===== Collected material =====

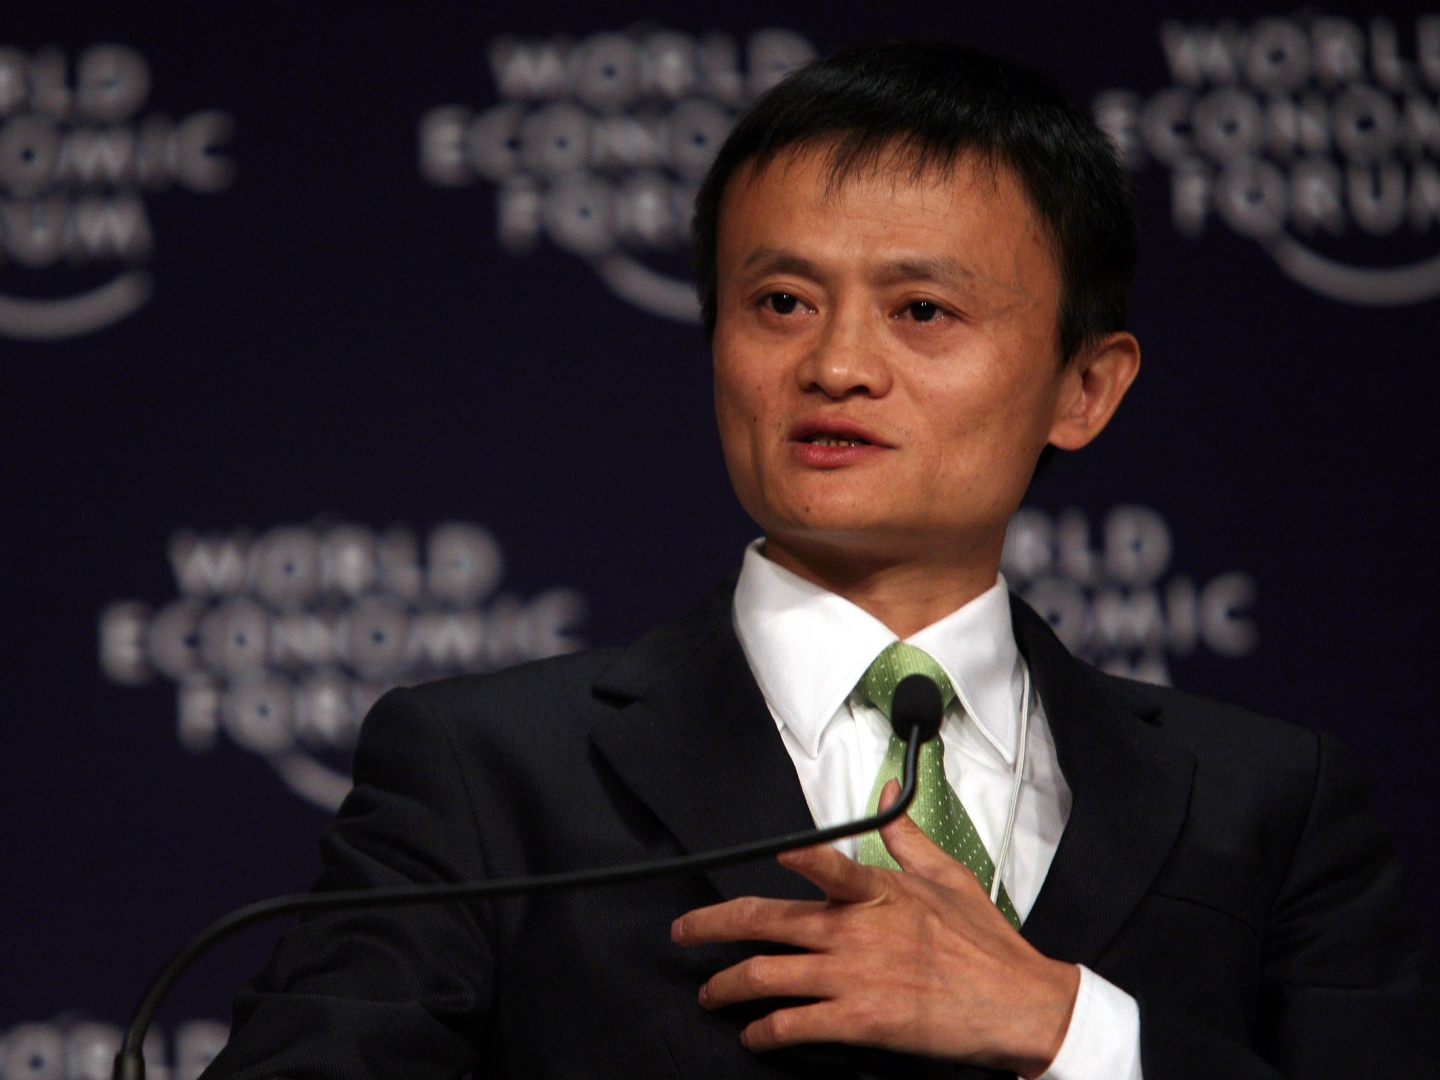 Jack Ma, grundare av Alibaba Group, investerar miljarder i hemlandet Kina. Foto: Natalie Behring/World Economic Forum
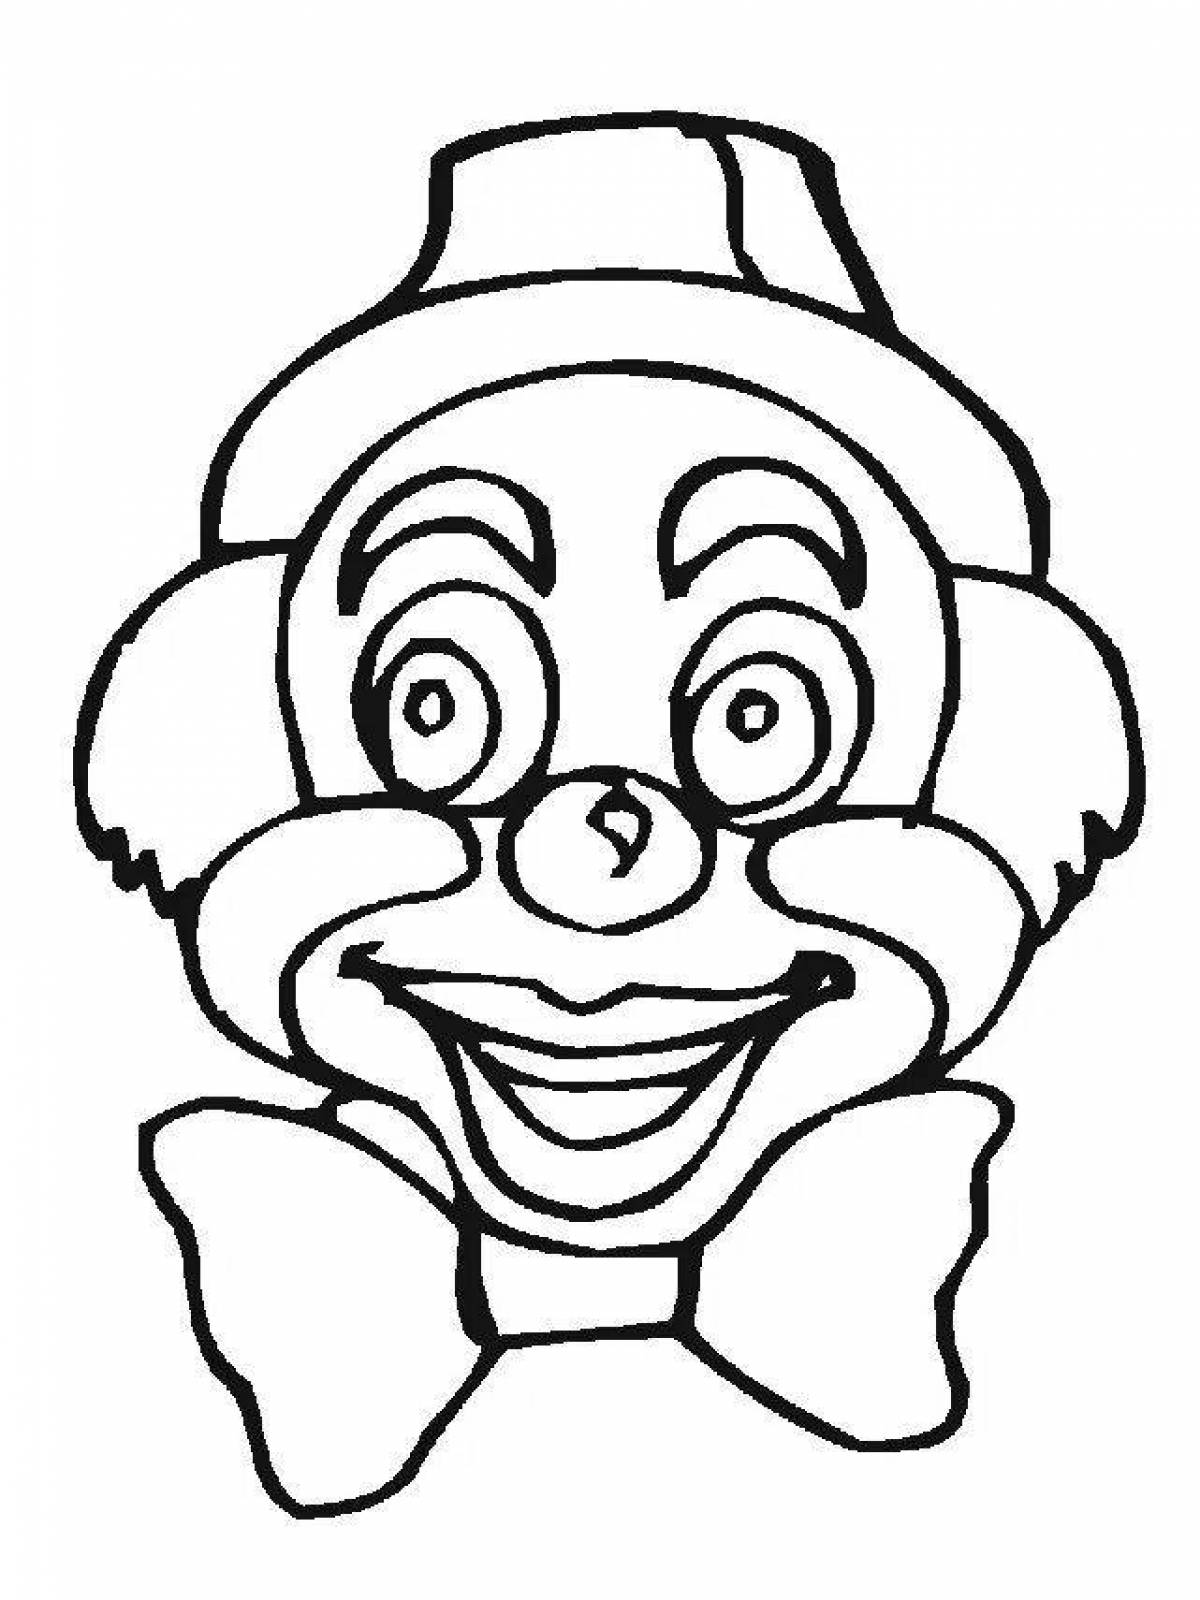 Мордочка клоуна. Клоун раскраска. Веселый клоун раскраска. Раскраска весёлый клоун для детей. Лицо клоуна раскраска.
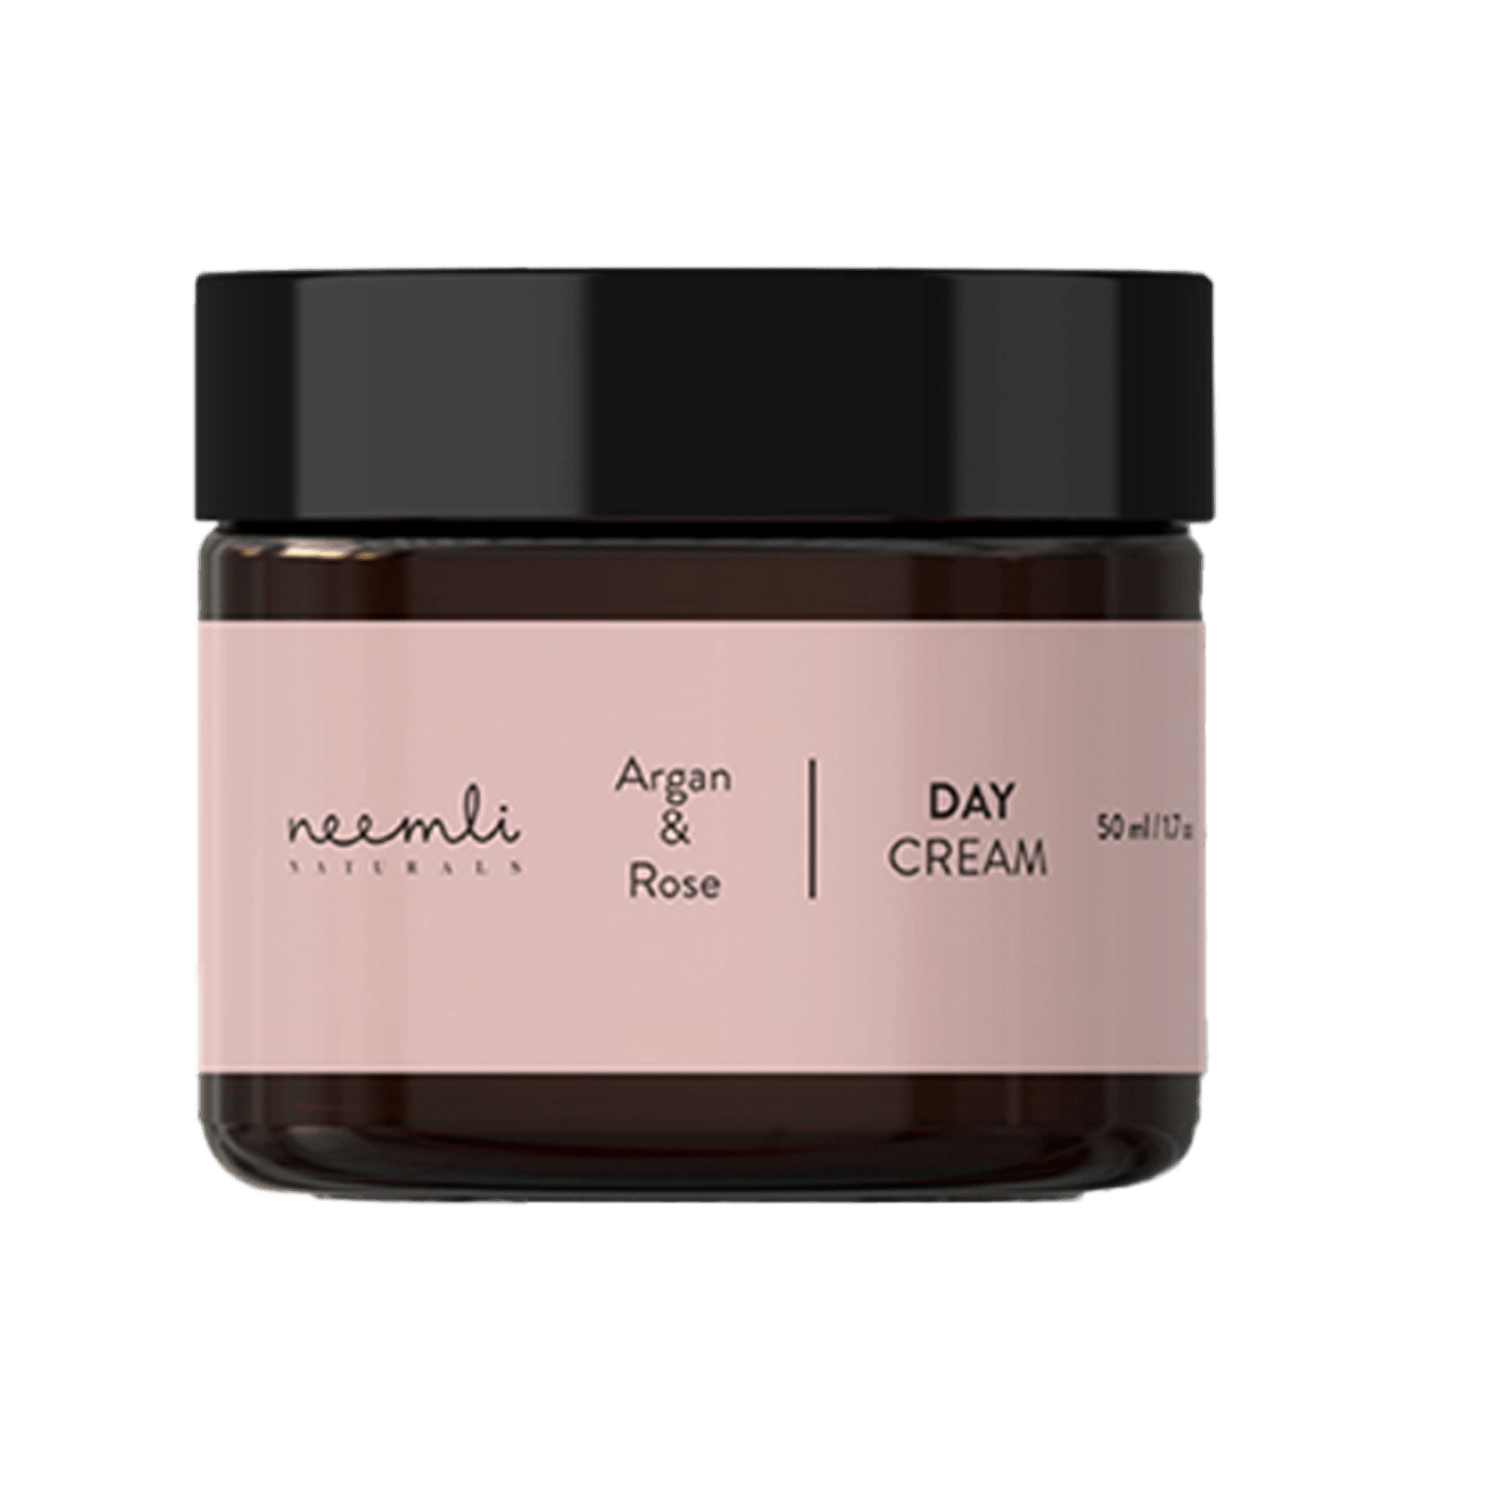 Neemli Naturals | Neemli Naturals Argan & Rose Day Cream (50ml)
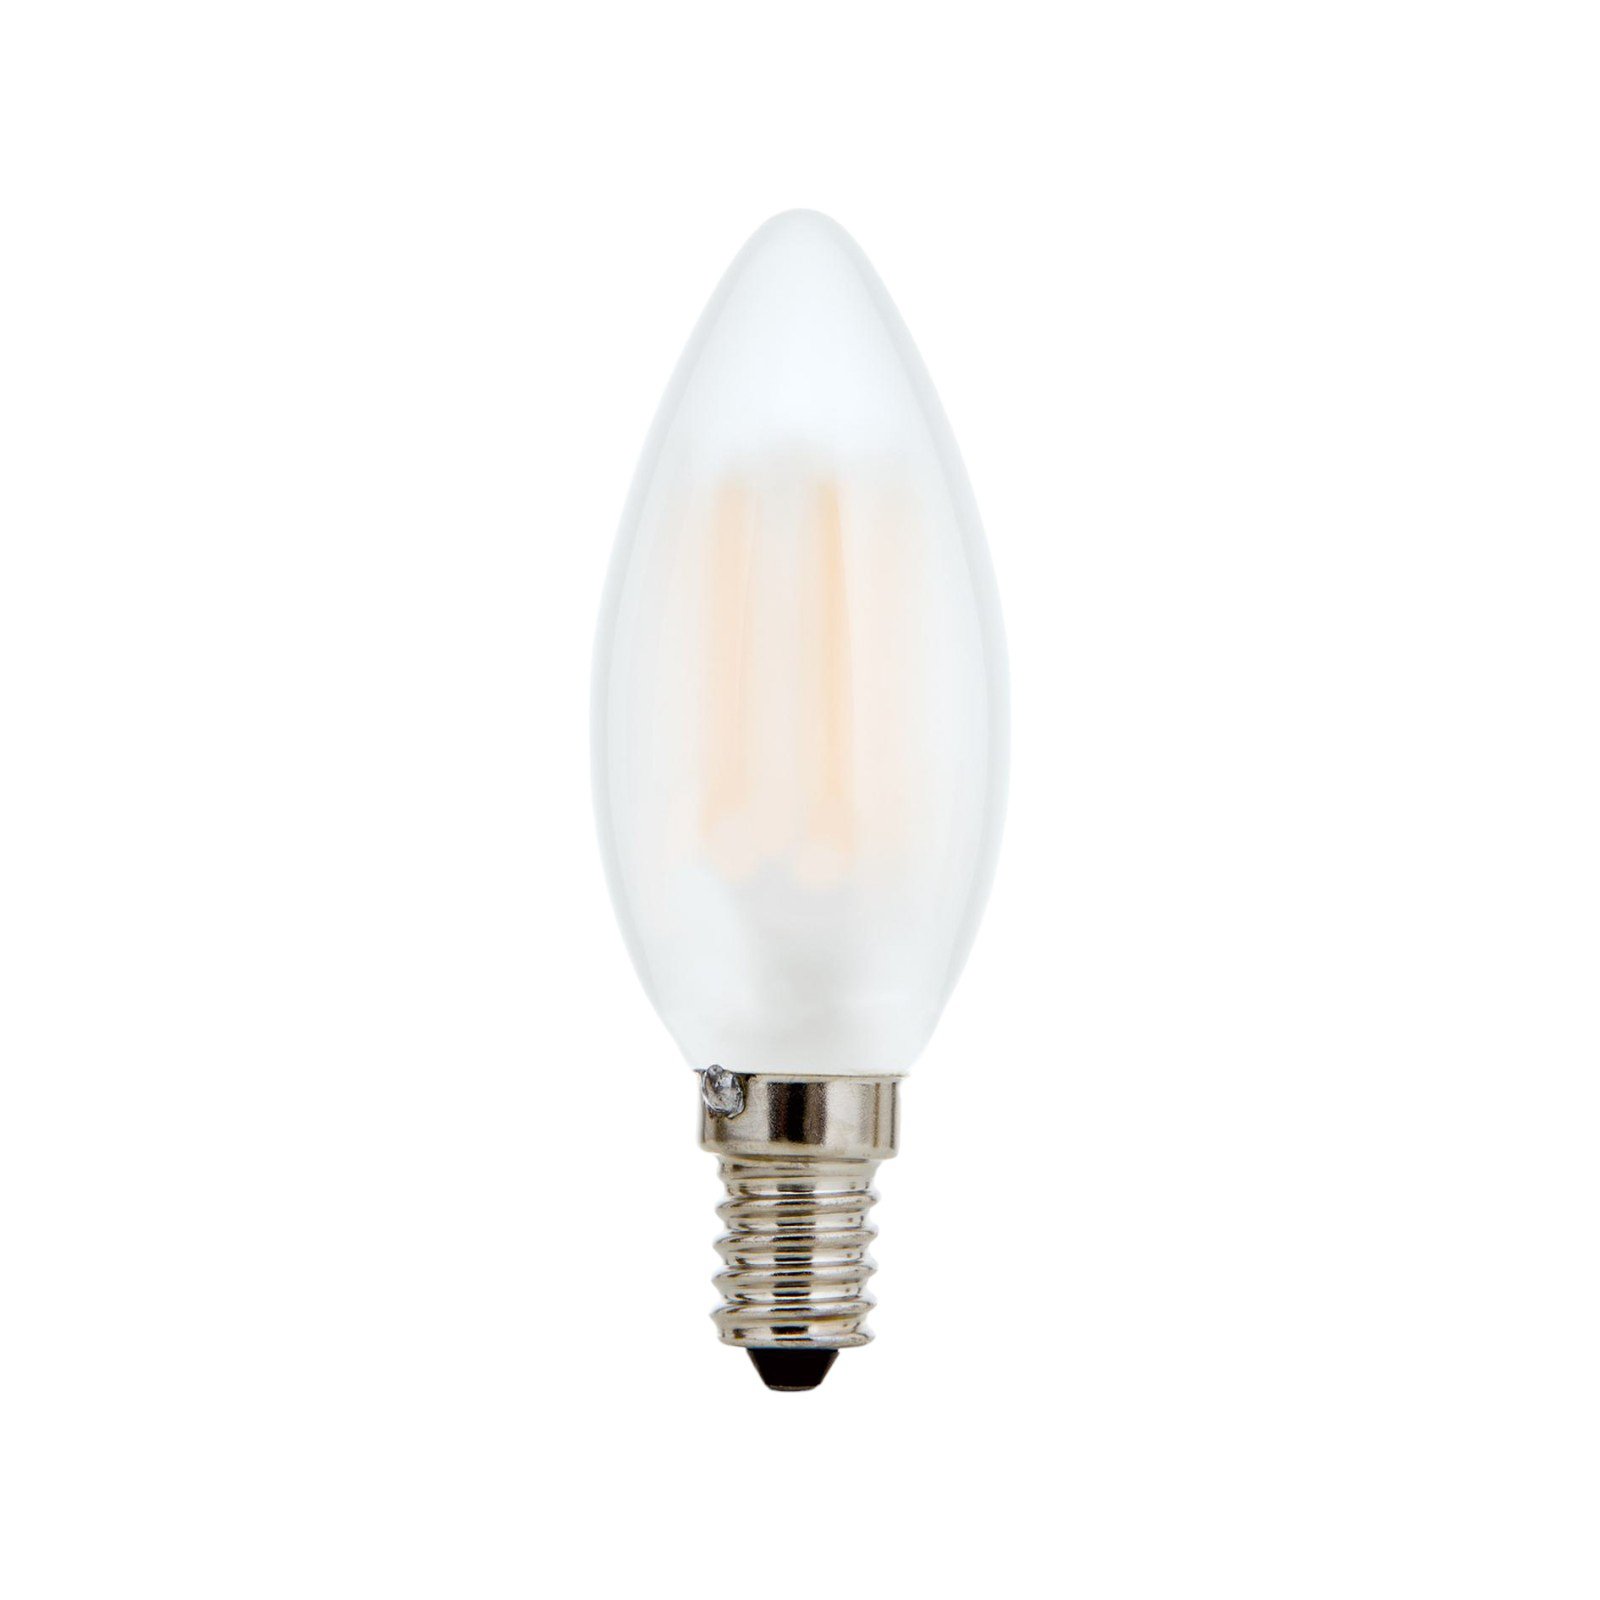 LED lamp E14 C35, mat, 6W, 2700 K, 720 lm, dimbaar

=====

**Your goal**
When you repeat the material, keep every word exact and drop the pictures.

**Result below**
 Jack Ma, grundare av Alibaba Group, investerar miljarder i hemlandet Kina. Foto: Natalie Behring/World Economic Forum
 Мордочка клоуна. Клоун раскраска. Веселый клоун раскраска. Раскраска весёлый клоун для детей. Лицо клоуна раскраска.
 Neemli Naturals | Neemli Naturals Argan & Rose Day Cream (50ml)
 LED lamp E14 C35, mat, 6W, 2700 K, 720 lm, dimbaar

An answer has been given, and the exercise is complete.